Learning from the case studies:
Various technologies and architectures can help to enable trusted data sharing. Some are well established, while others are still being developed and tested. Several the case studies are current or recent R&D projects developing new architectures and technologies such as Databox, oneTRANSPORT, MK:Smart, CityVerve Manchester and Industrial Data Space.
A strong partnership can influence the success of innovative technological solutions in development, as has been illustrated by the CityVerve Manchester and oneTRANSPORT projects. The relationship between technology provider and client needs to be more collaborative, with both sharing the risk.
Using standards that enable interoperability and data portability enhances data value. For example, Hypercat was used in the CityVerve Manchester project to support a integrated approach to data hubs, while oneM2M was used in the oneTRANSPORT project. There are many overlapping and conflicting standards that are siloed and fragmented so agreement needs to be supported.
It would benefit organisations to identify and implement appropriate management standards for data hubs early on, such as standards for information security management systems, metadata and governance.

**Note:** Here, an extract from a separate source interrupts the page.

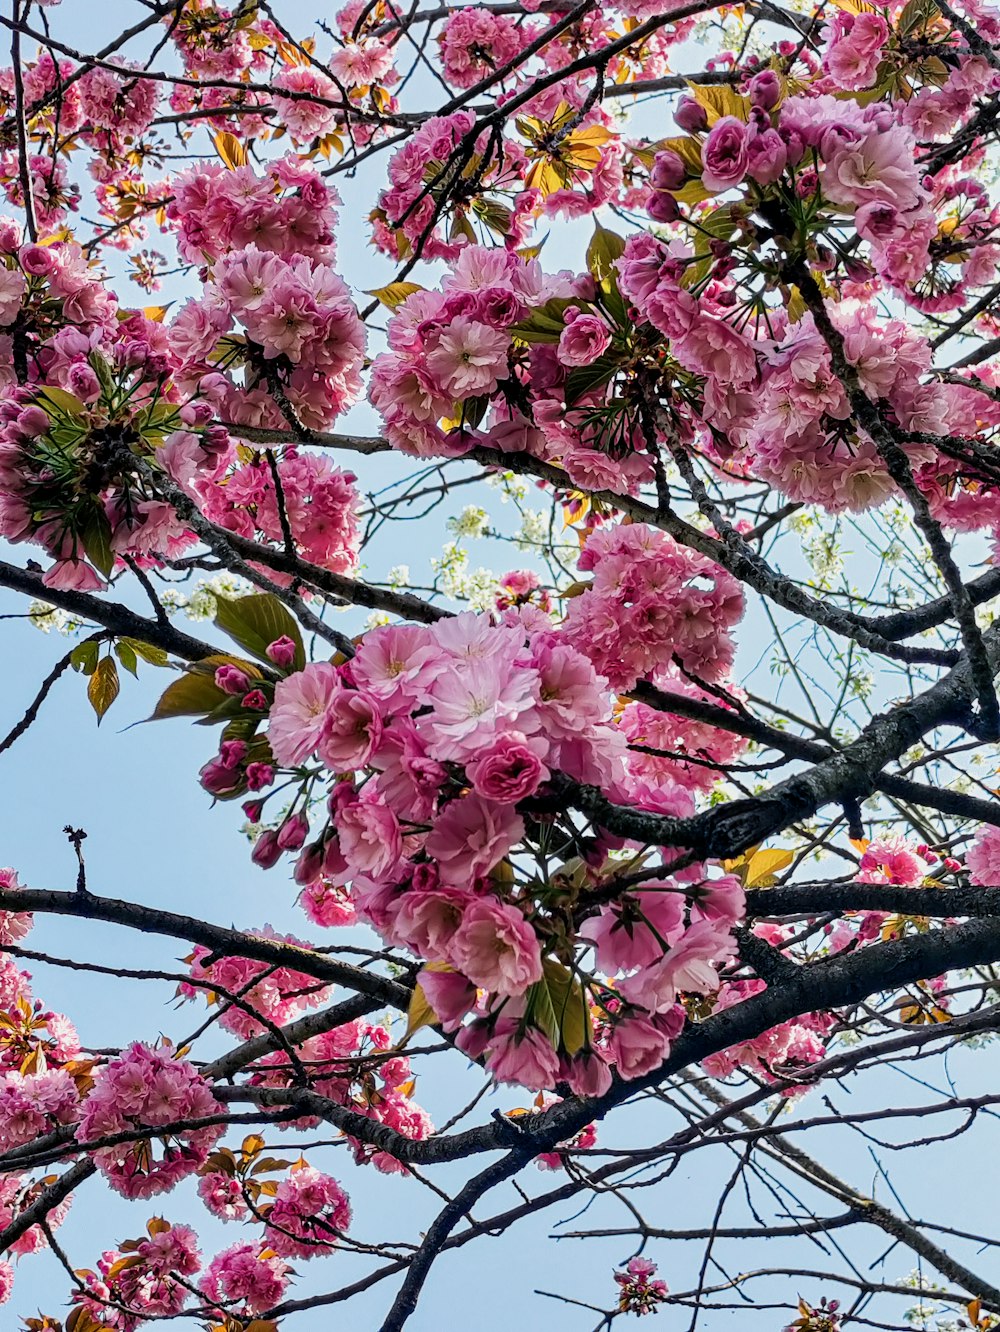 albero di ciliegio rosa in fiore durante il giorno

It is important to not underestimate the resource required to ensure quality and integrity of data, including maintaining real-time data feeds with automatic real-time data validation. Organisations should ideally automate processes where possible, as done by The Weather Company, and create an approach that can deal with uncertainties in data quality. Data quality was one area of investigation in the MK:Smart project.
Technologies can help with enforcing usage rights and restrictions, enabling trust between organisations sharing data. Several of the projects, including Industrial Data Space and CityVerve Manchester, are developing such technologies.
Rapid prototyping and agile software development, along with early pilots, are useful to demonstrate benefits early on, which is the approach that will be used by the Data and Analytics Facility for National Infrastructure (DAFNI).